The dissident HP director calls upon directors and shareholders to take a stand if their views oppose those of their company's management.

In his first public appearance since Hewlett-Packard shareholders voted on a mega-merger with Compaq Computer, dissident HP director Walter Hewlett on Monday called upon directors and shareholders to take a stand if their views oppose those of their company's management.

See special coverage: A Fight to the Finish Hewlett, a luncheon speaker at the Council of Institutional Investors' semiannual meeting in Washington, D.C., urged shareholder activism and outlined steps directors could take to gather information outside of that provided by company executives.

"It is my hope that the experiences of the past several months will come to be viewed as a turning point in the evolution of accountability and transparency in the governance of corporations," said Hewlett, according to transcripts of his speech. "Despite the fact that billions of dollars and the future of great companies are at stake, standards of corporate governance are neither robustly developed nor rigorously examined or enforced. To be blunt, the stakes are high; the standards are not."

In the world of mergers and acquisitions, industry observers say it's highly unusual for directors to publicly oppose a merger--especially when it does not involve a third-party bidder. And they note it is equally rare for institutional investors to take a public stand on issues relating to companies in their portfolio, given a concern for affecting the price of those particular stocks.

Hewlett effectively broke with tradition through a five-month proxy contest against the company his late father co-founded. He also persuaded several large institutional investors to publicly state their opposition to the deal.

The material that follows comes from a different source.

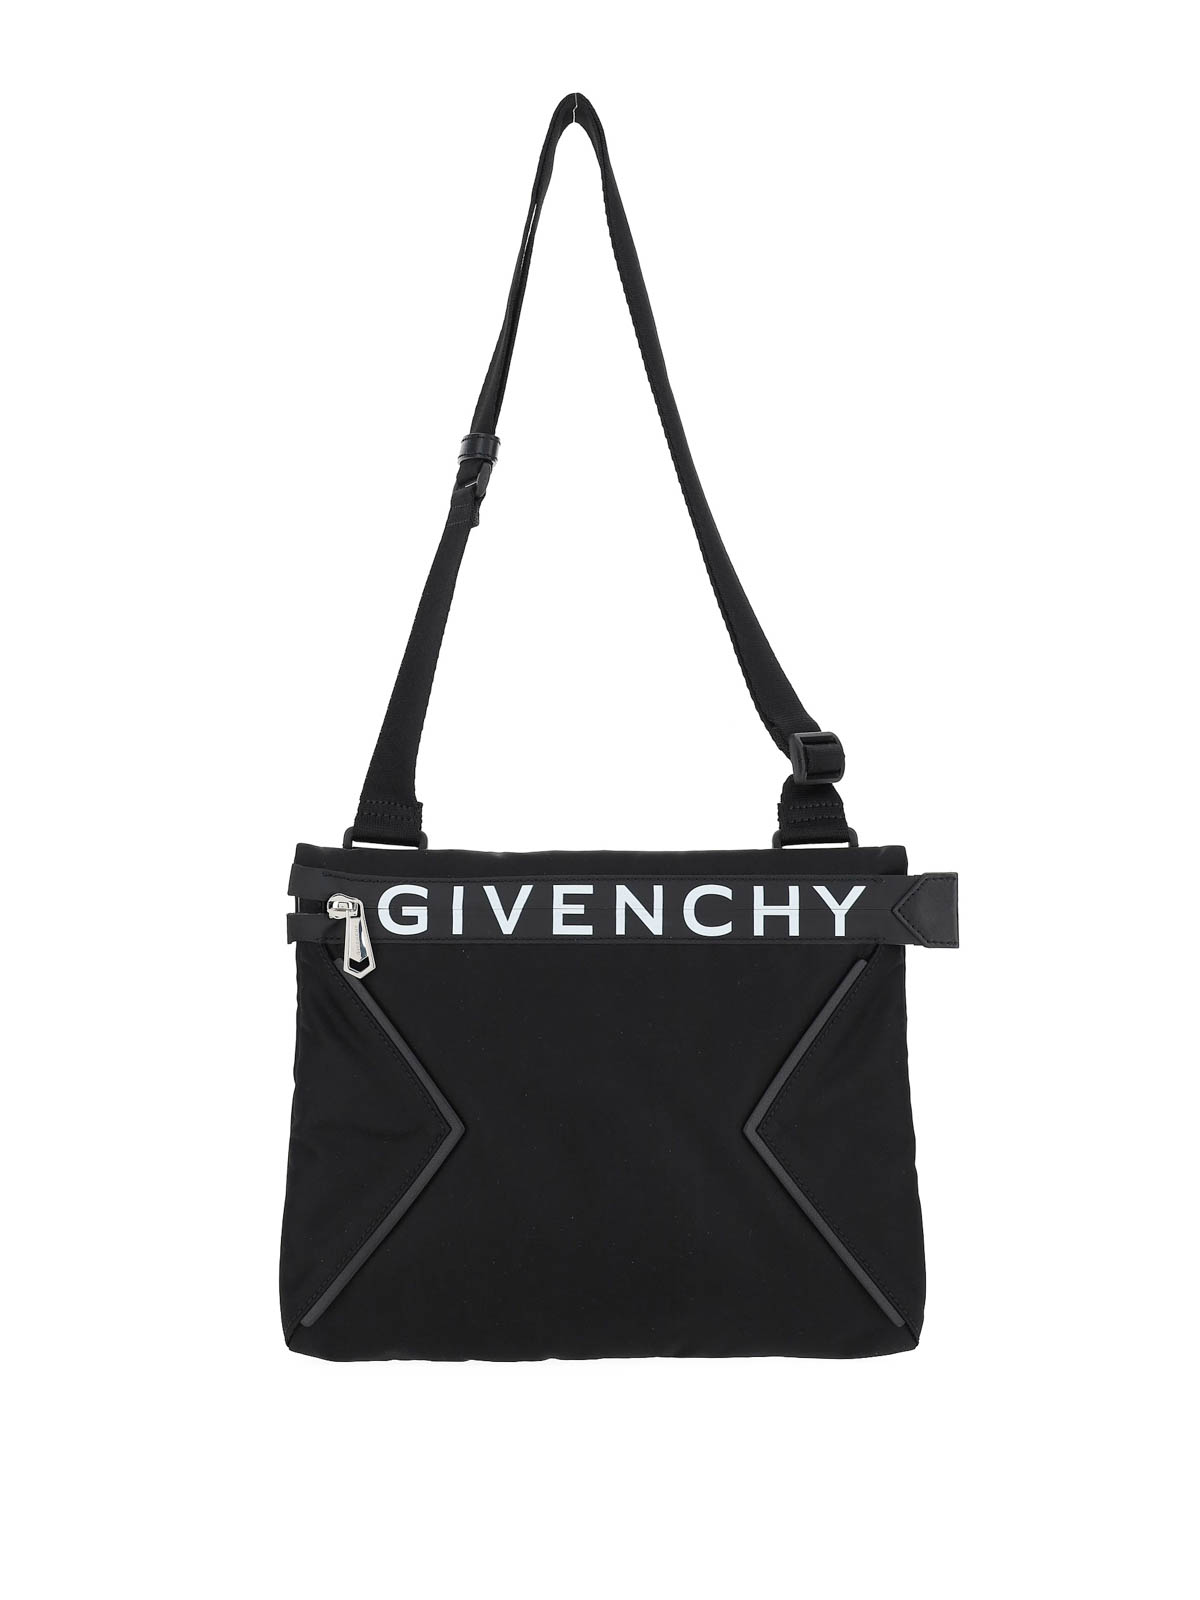 ショルダーバッグ Givenchy - ショルダーバッグ - 黒 - BK507QK0YM004

Last week, HP and Compaq shareholders voted on the proposed merger of the two companies. Although HP has declared a win in the contentious proxy battle via preliminary figures, an official tally will not be known for several weeks.

One obstacle on the path toward good corporate governance is board members' reliance on information supplied by executives and fellow directors, rather than that gleaned from company shareholders, employees and customers, Hewlett said. He advocates a system where directors at companies contemplating mergers would have access to legal and financial counsel that is separate from that of the company and management team.

"At the very least, boards must be pried loose from the grip of management and their hired hands," Hewlett said. "Despite more than 200 years of political practice in the United States, democracy remains an ideology strangely alien to many corporate boardrooms. And too many corporate executives still fail to distinguish dissent from disloyalty...Above all, too many corporate managers too readily forget who owns the company--the shareholders."

Hewlett, along with trusts and foundations held by his family members and members of the co-founding Packard family, retains an 18 percent stake in HP. The late founder's son speculates that HP spent roughly $150 million of shareholders' money on the proxy fight and that his family's Hewlett Trust is a "significant contributor to financing both sides of this fight."

Despite the recent battle, Hewlett said he remains confident the company is well situated for the future.

"I've known and worked side by side with the HP directors for many years," Hewlett said. "We share a common interest in stability and stockholder value. I am confident that the directors and officers of HP will move forward rapidly to protect the assets and value inherent in the company."